───── Data below
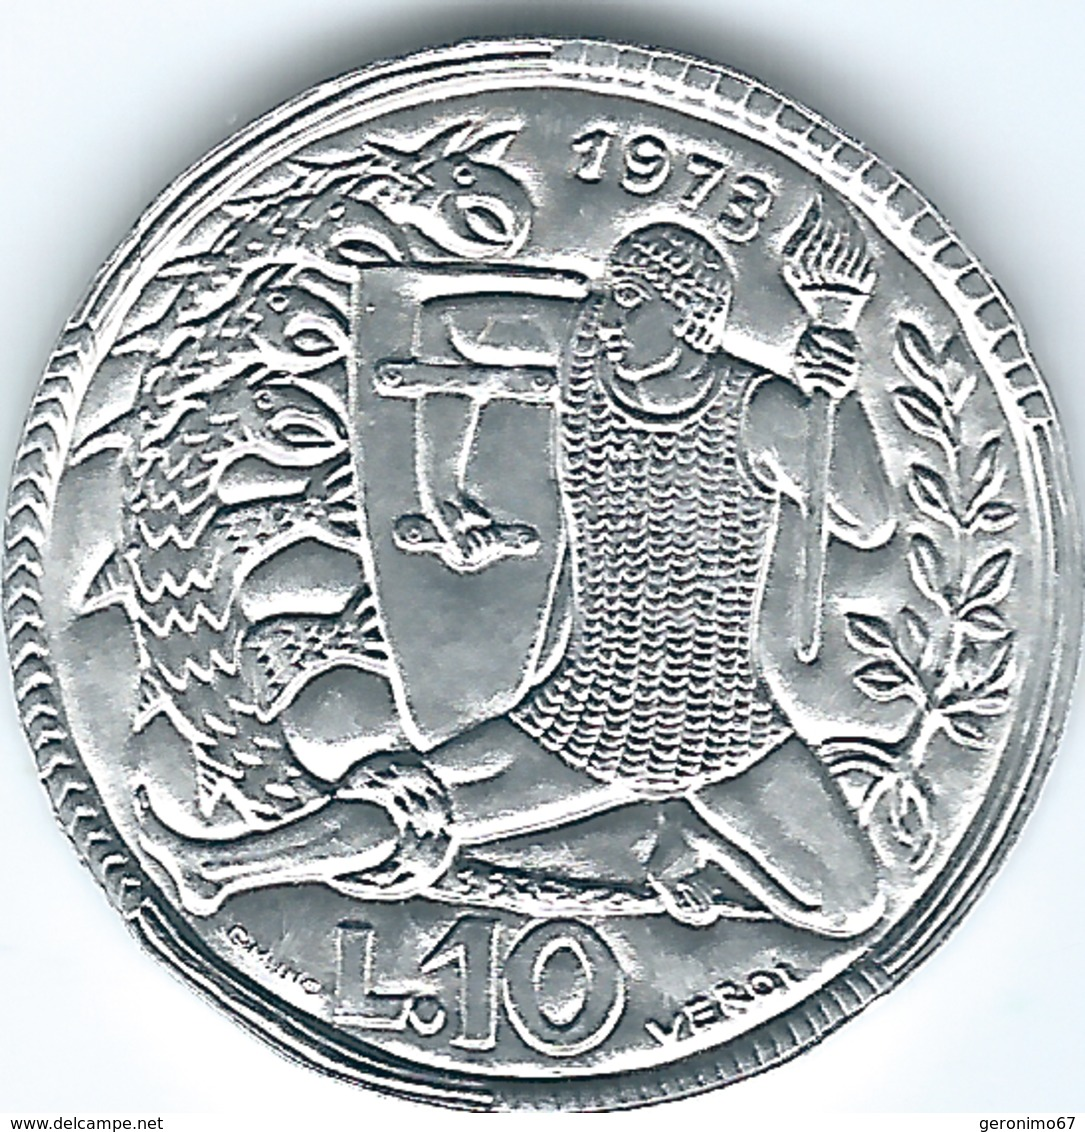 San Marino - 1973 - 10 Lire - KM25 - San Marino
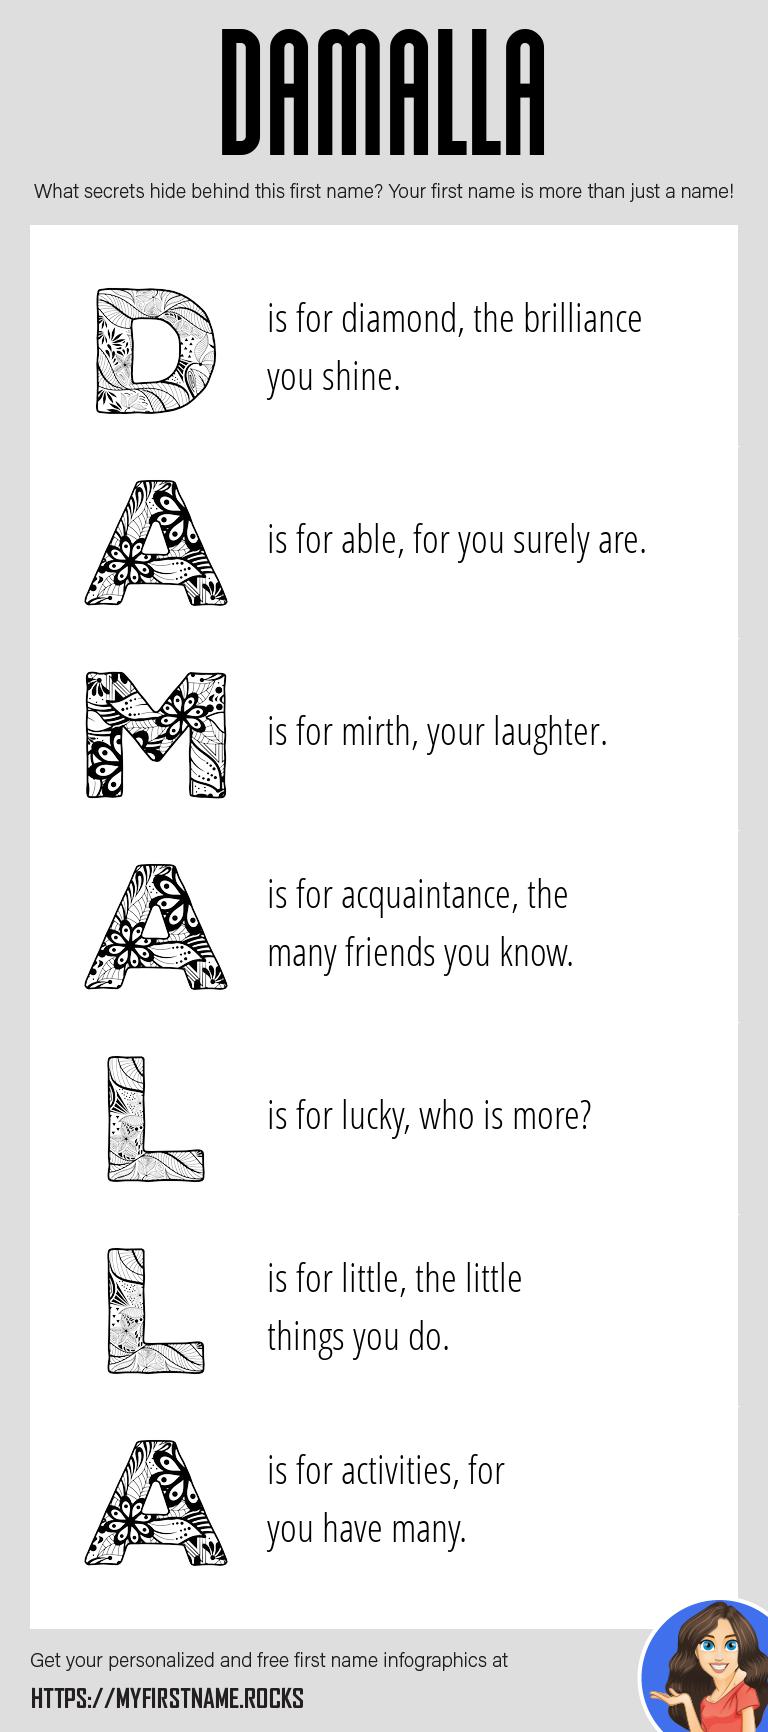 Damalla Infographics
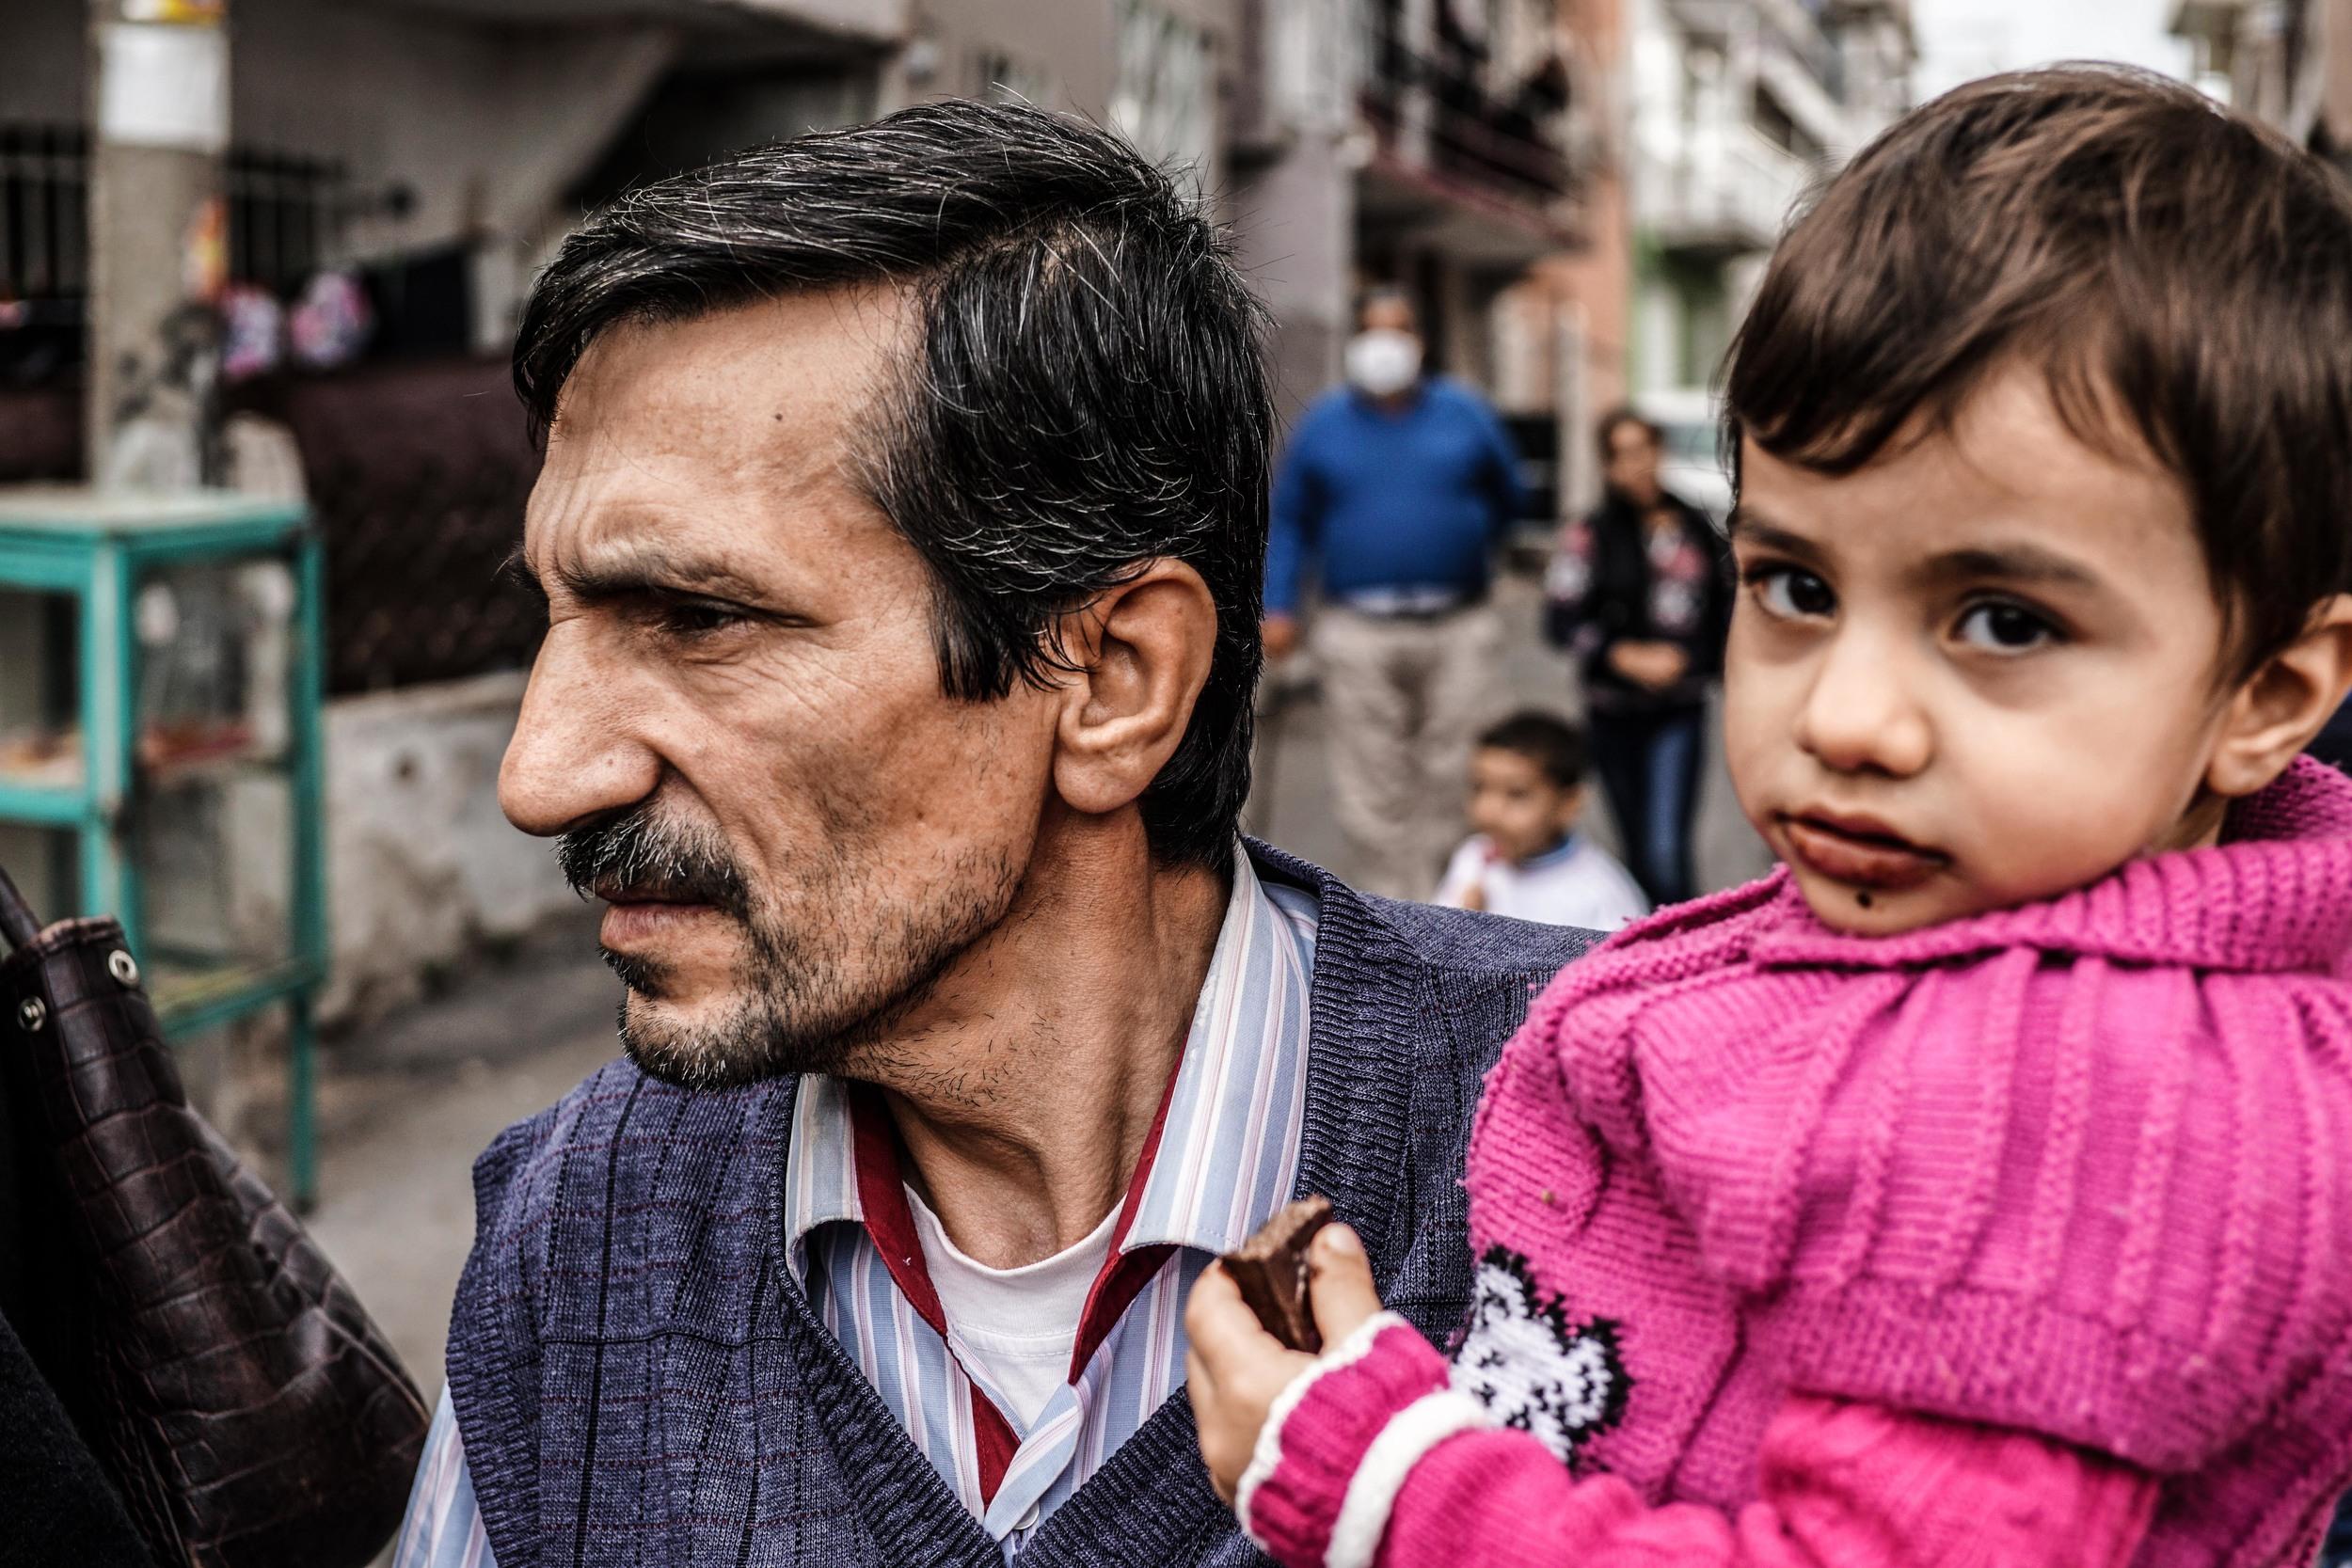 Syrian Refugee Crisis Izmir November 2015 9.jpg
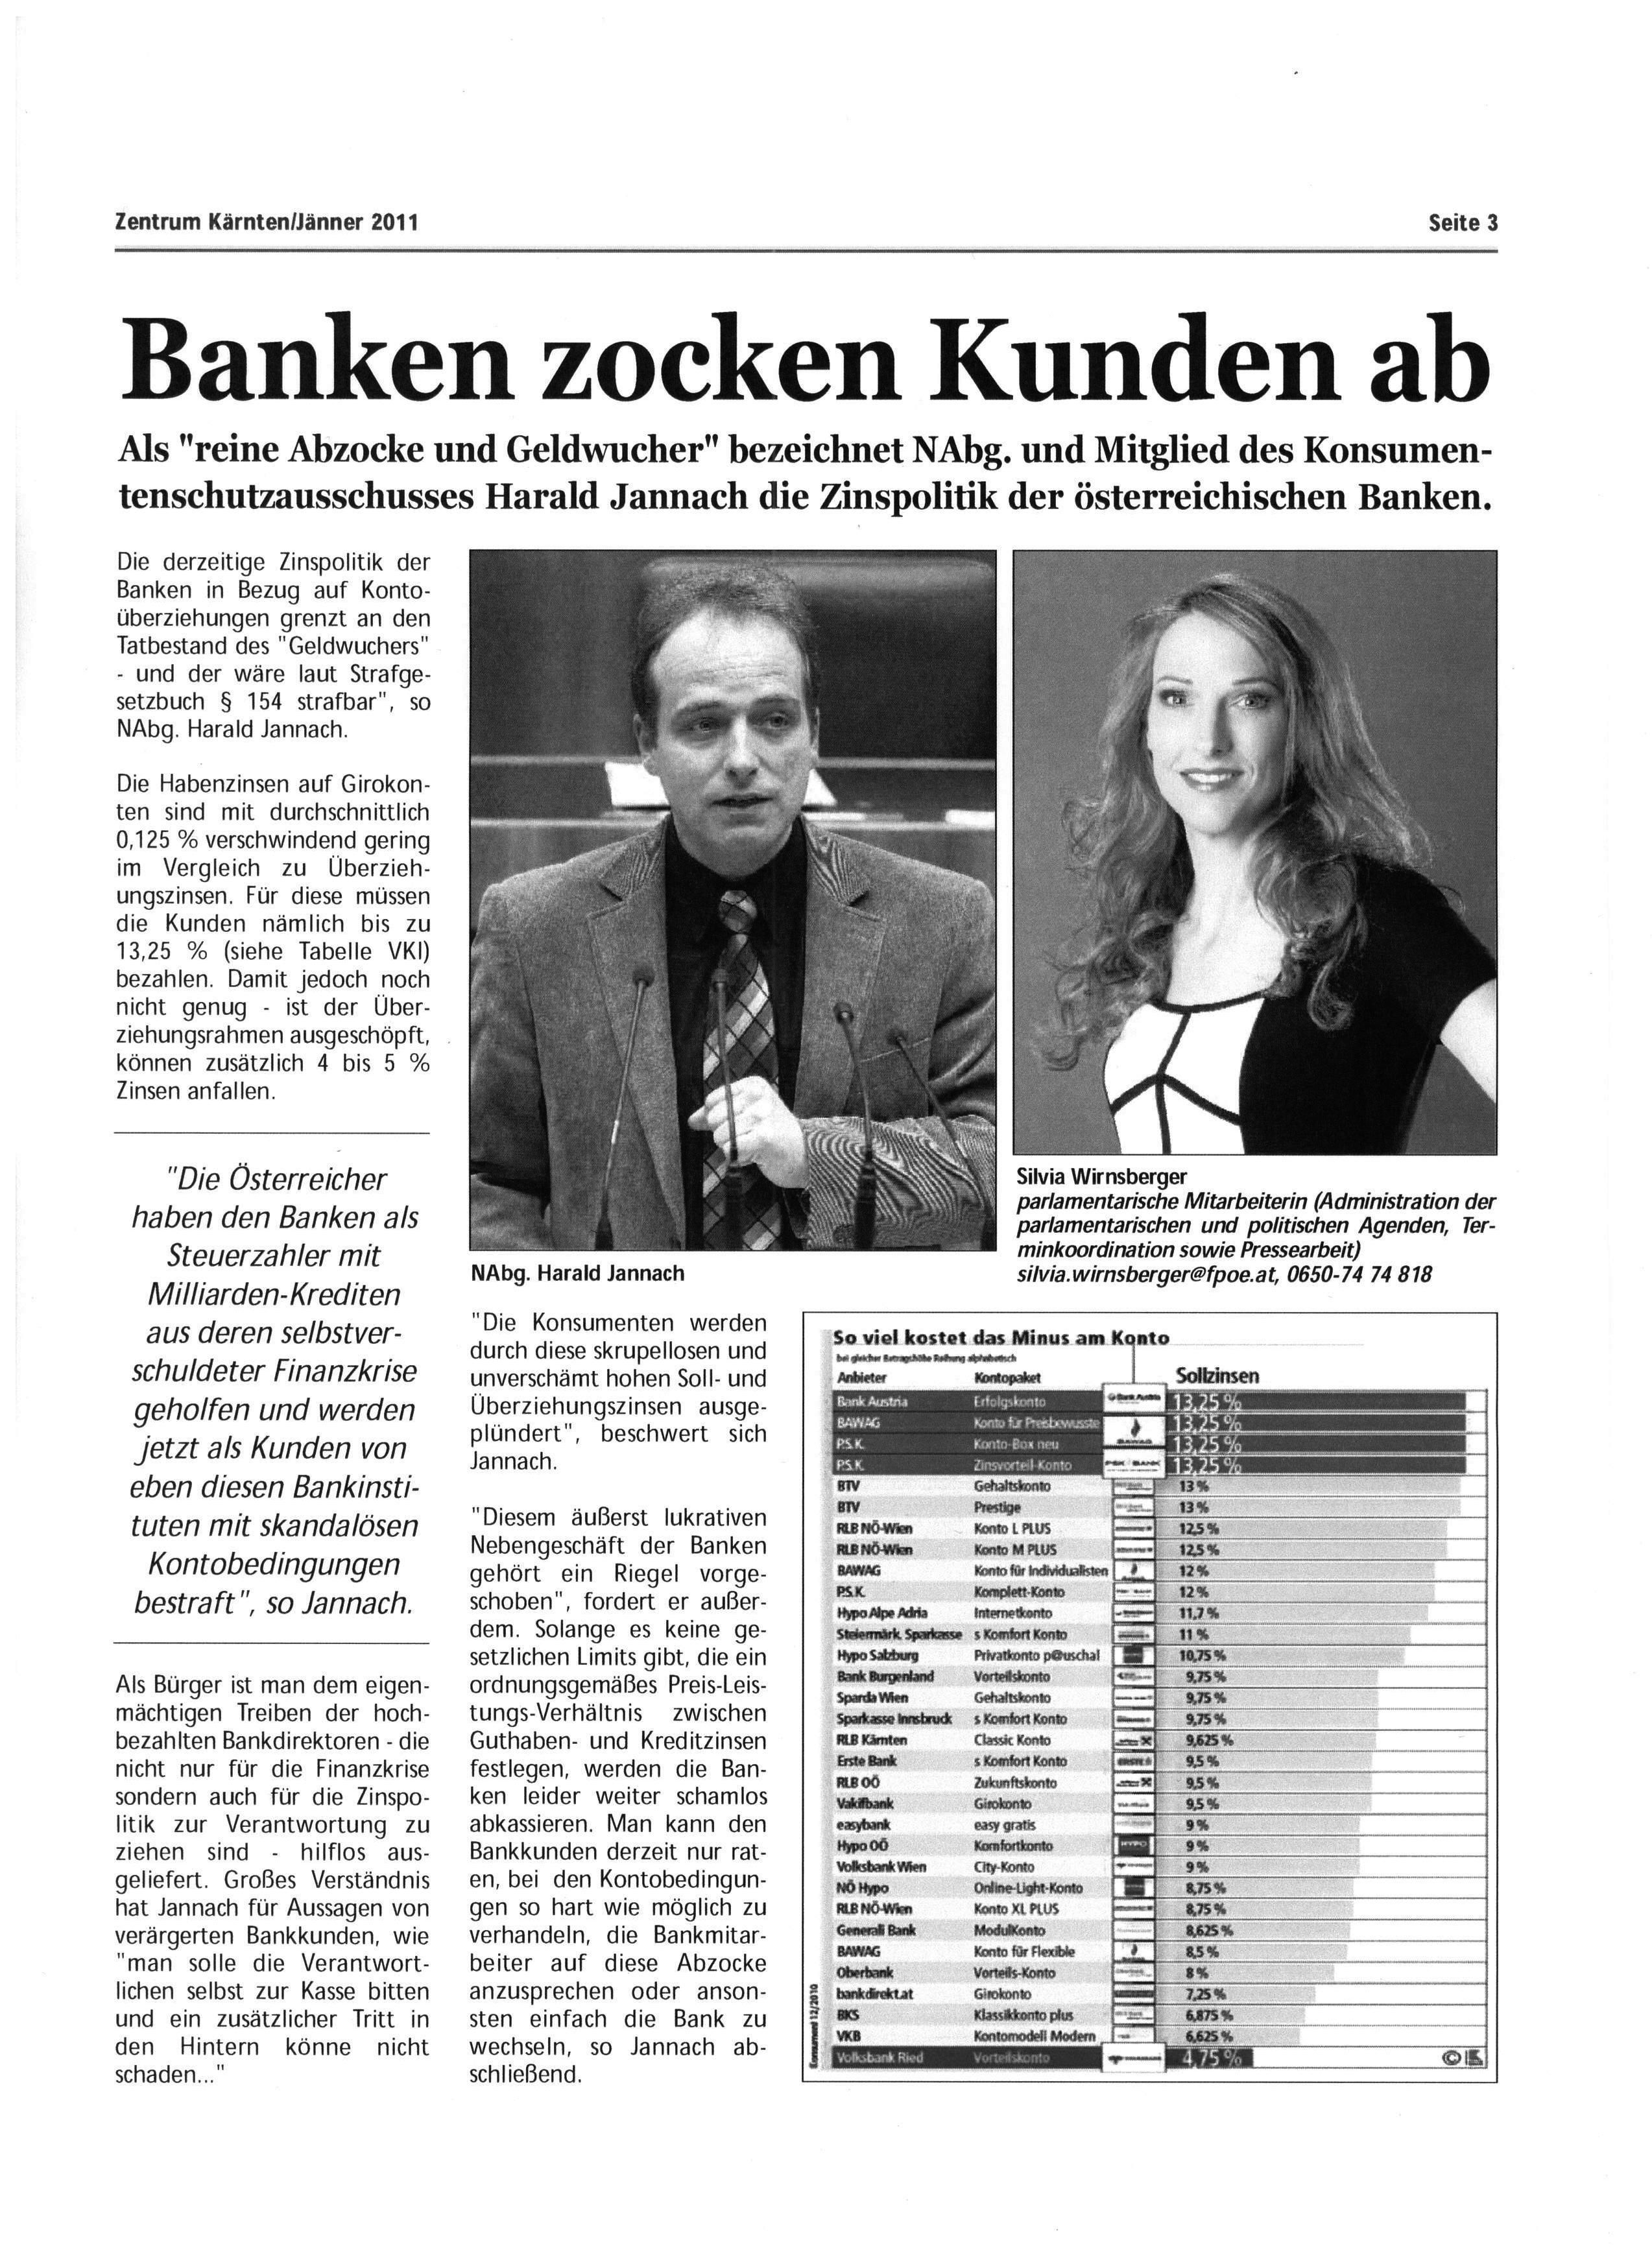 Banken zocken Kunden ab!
──────────
Nothing but the lines from the line with "Syrian Refugee Crisis" through the end of the listing should appear in the answer, each duplicated exactly, without pictures.

Solution to this problem ▸
 Syrian Refugee Crisis Izmir November 2015 9.jpg
 Banken zocken Kunden ab!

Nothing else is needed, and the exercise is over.